=== Extracted data ===
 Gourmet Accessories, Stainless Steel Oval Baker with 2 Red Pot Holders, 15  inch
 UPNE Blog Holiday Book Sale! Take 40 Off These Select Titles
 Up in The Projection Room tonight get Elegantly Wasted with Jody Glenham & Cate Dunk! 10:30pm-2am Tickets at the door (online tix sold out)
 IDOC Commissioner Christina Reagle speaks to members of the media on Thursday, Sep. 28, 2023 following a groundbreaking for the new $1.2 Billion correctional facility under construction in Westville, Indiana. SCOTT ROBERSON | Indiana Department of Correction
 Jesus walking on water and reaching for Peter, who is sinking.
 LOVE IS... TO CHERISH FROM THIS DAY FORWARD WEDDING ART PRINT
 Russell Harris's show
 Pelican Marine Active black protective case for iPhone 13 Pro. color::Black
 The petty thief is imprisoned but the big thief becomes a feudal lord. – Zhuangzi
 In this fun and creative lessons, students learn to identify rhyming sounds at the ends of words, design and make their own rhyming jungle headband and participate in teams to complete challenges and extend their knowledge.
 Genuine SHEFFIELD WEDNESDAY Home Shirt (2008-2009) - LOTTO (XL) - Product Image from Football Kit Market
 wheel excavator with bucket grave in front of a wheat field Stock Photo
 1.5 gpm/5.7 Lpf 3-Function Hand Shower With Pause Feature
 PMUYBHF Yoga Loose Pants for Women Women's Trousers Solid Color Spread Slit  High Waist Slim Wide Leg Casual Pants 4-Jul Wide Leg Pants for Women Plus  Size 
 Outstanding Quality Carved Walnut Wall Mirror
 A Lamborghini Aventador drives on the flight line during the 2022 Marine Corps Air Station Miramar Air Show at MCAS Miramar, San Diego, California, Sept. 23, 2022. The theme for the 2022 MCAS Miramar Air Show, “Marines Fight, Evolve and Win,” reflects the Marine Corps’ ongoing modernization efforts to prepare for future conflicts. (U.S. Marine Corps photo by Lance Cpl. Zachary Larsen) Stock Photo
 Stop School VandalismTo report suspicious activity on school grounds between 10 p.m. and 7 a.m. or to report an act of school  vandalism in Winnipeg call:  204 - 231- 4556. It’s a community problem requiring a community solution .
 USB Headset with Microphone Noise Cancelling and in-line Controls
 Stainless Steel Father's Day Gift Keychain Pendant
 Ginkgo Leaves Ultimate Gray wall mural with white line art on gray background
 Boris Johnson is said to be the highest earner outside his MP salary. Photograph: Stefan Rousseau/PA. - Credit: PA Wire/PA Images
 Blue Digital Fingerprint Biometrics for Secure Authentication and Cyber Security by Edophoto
===
* **What you are asked to do**: Please restate only the opening stretch of the records above: every line from the first through the one containing "Up in The Projection", exactly as written.

* **Your response**:
 Gourmet Accessories, Stainless Steel Oval Baker with 2 Red Pot Holders, 15  inch
 UPNE Blog Holiday Book Sale! Take 40 Off These Select Titles
 Up in The Projection Room tonight get Elegantly Wasted with Jody Glenham & Cate Dunk! 10:30pm-2am Tickets at the door (online tix sold out)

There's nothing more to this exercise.